[Information shown]
- - -

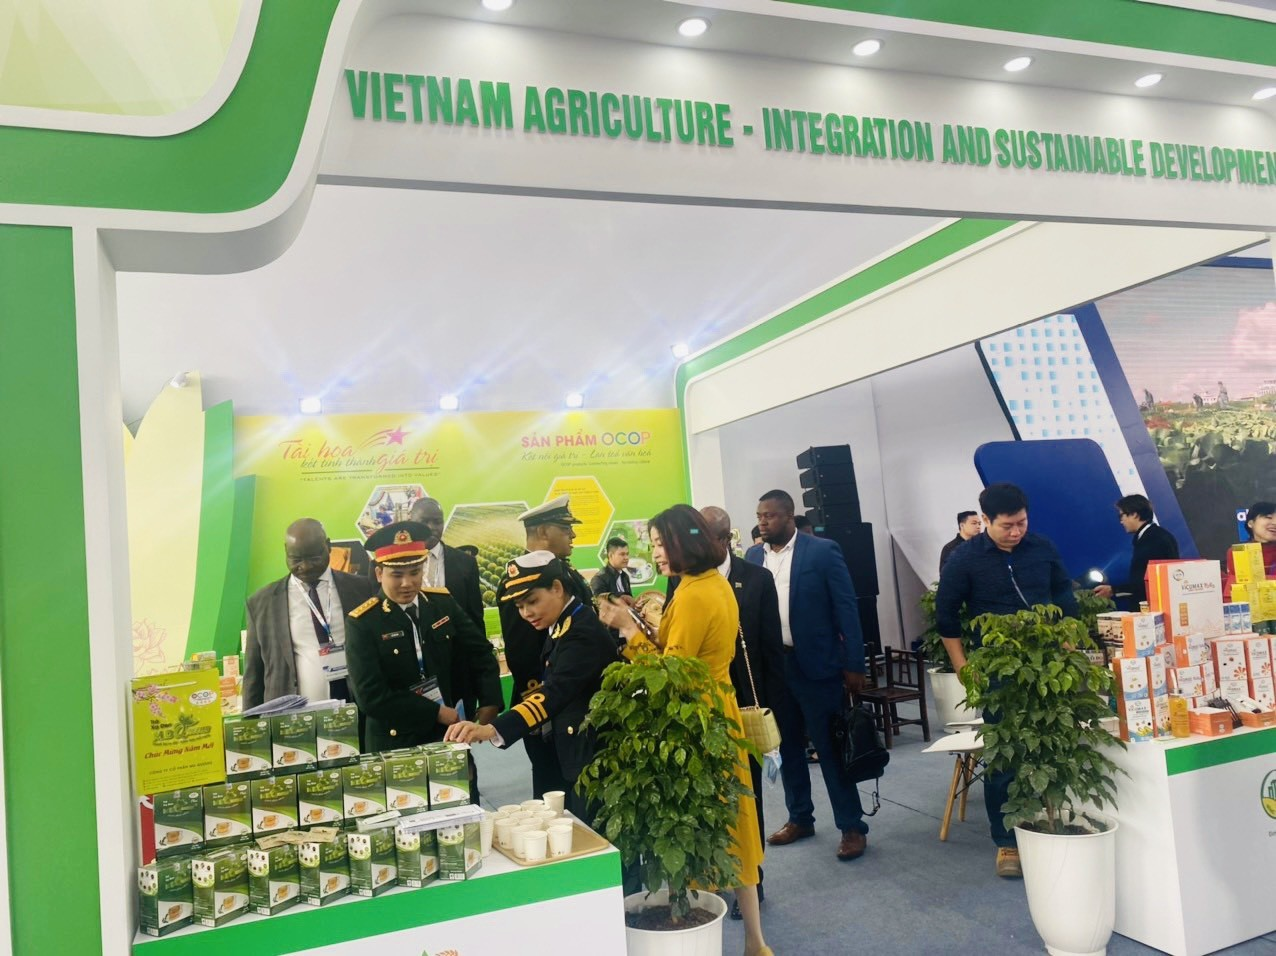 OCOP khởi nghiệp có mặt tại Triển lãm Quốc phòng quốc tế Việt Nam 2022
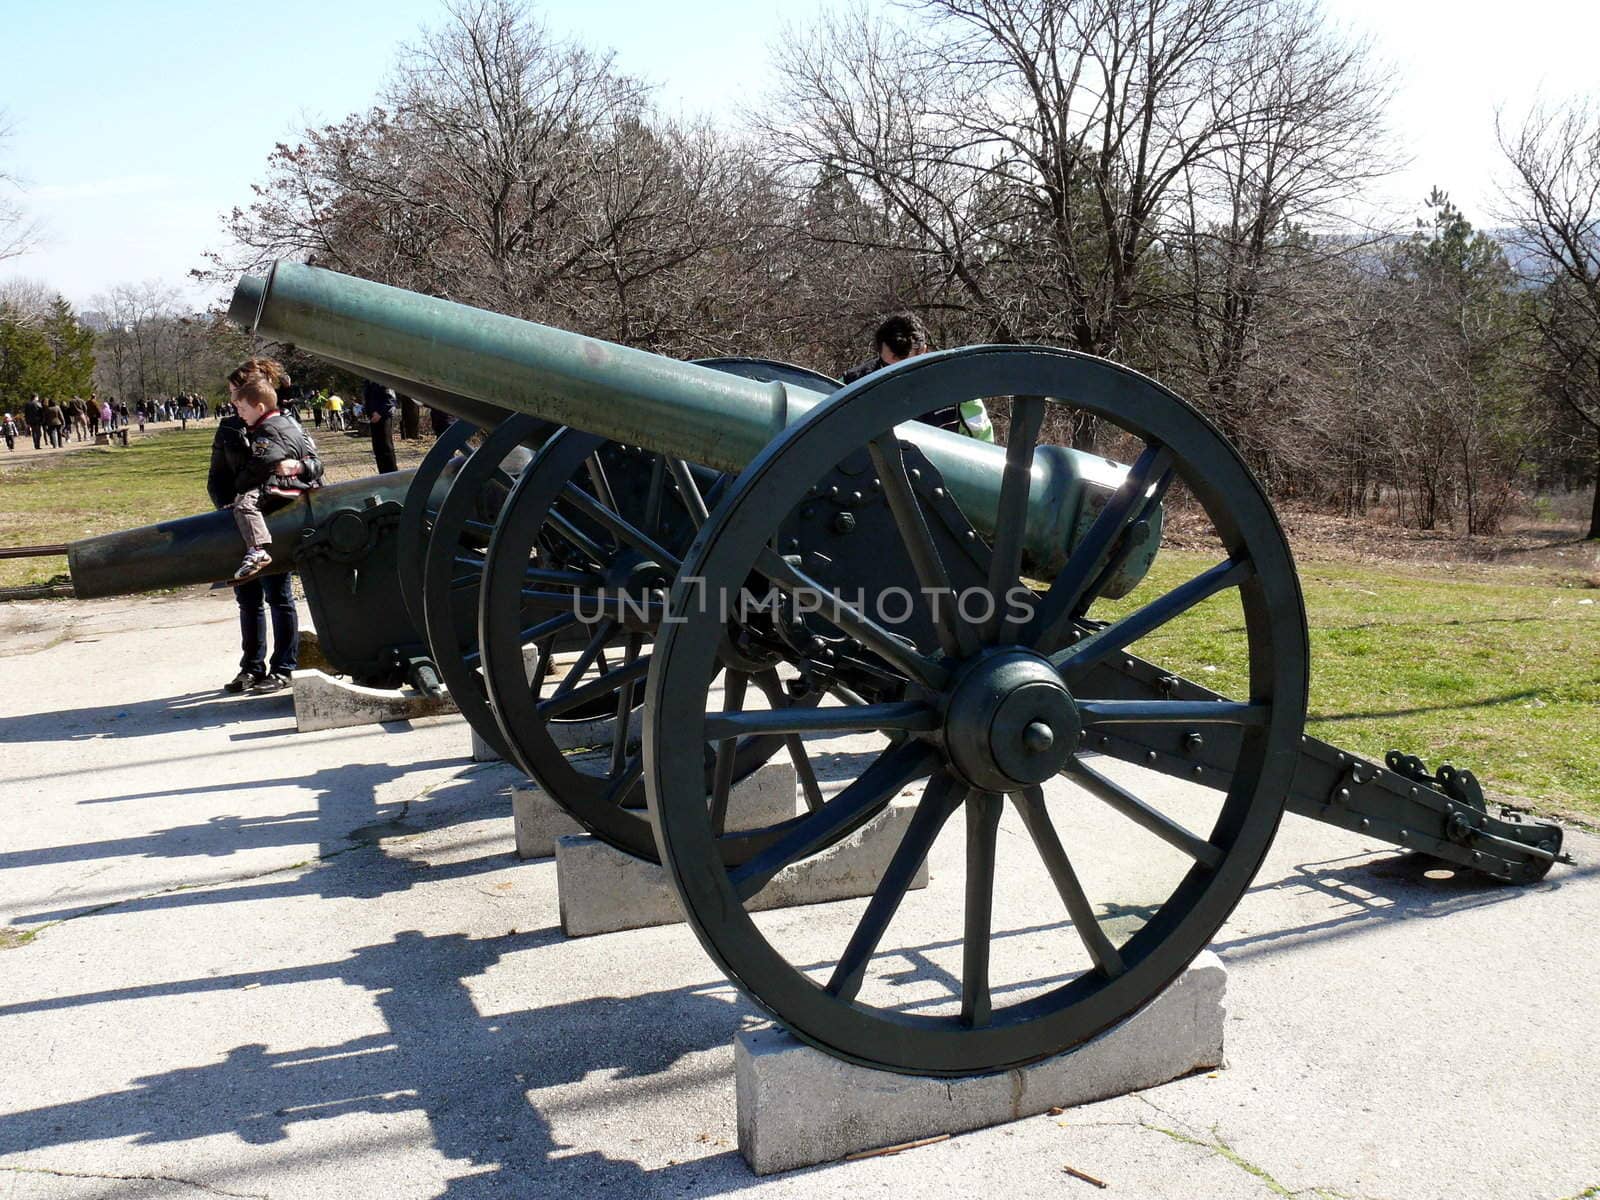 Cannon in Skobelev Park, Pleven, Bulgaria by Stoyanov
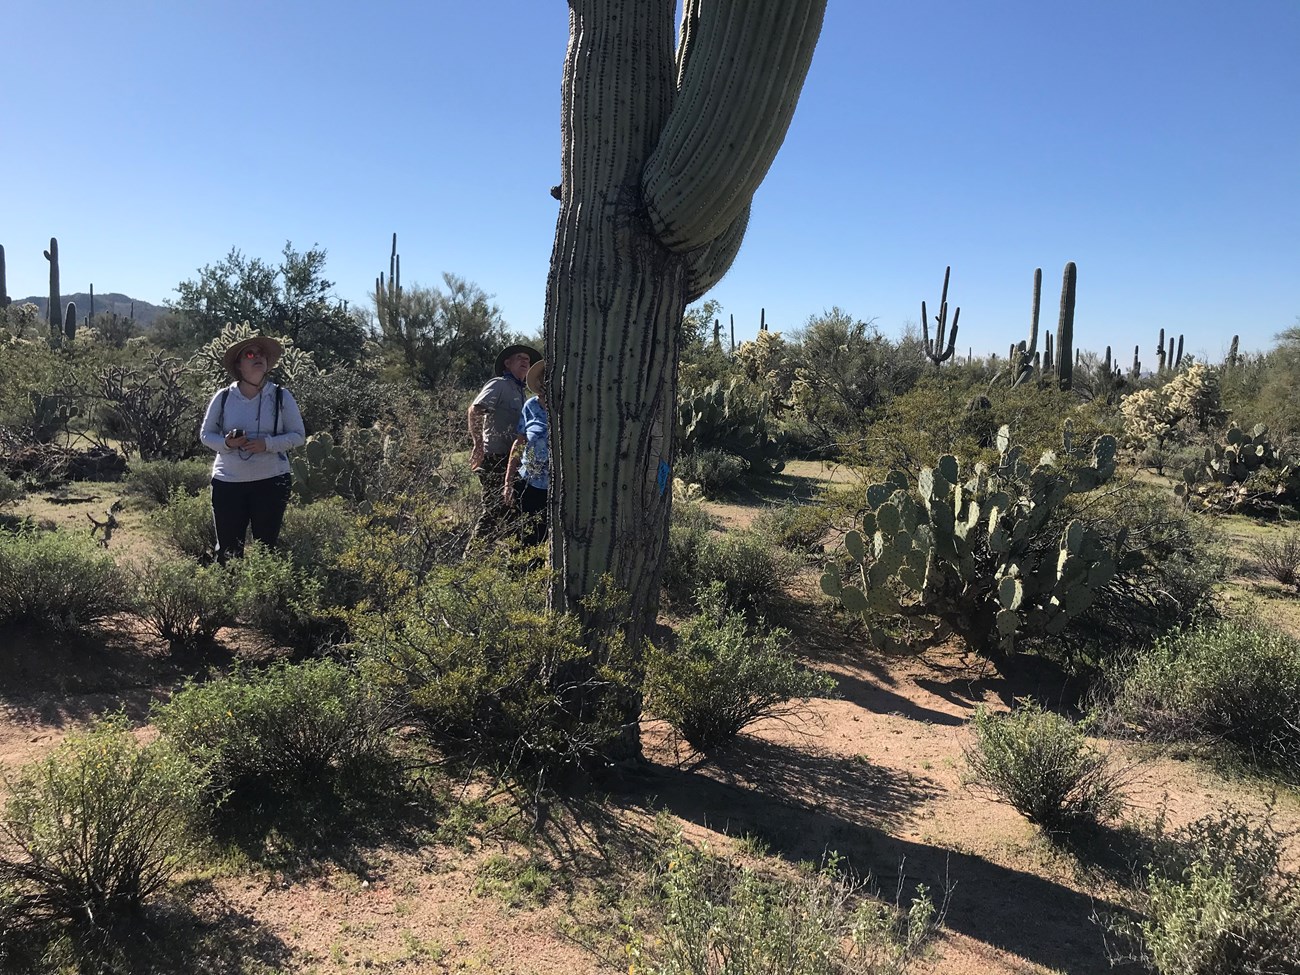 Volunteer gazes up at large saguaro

- - -

[Required action]
Without the pictures, write out the whole listing above exactly as it appears.

[Result of the exercise]
 OCOP khởi nghiệp có mặt tại Triển lãm Quốc phòng quốc tế Việt Nam 2022
 Cannon in Skobelev Park, Pleven, Bulgaria by Stoyanov
 Volunteer gazes up at large saguaro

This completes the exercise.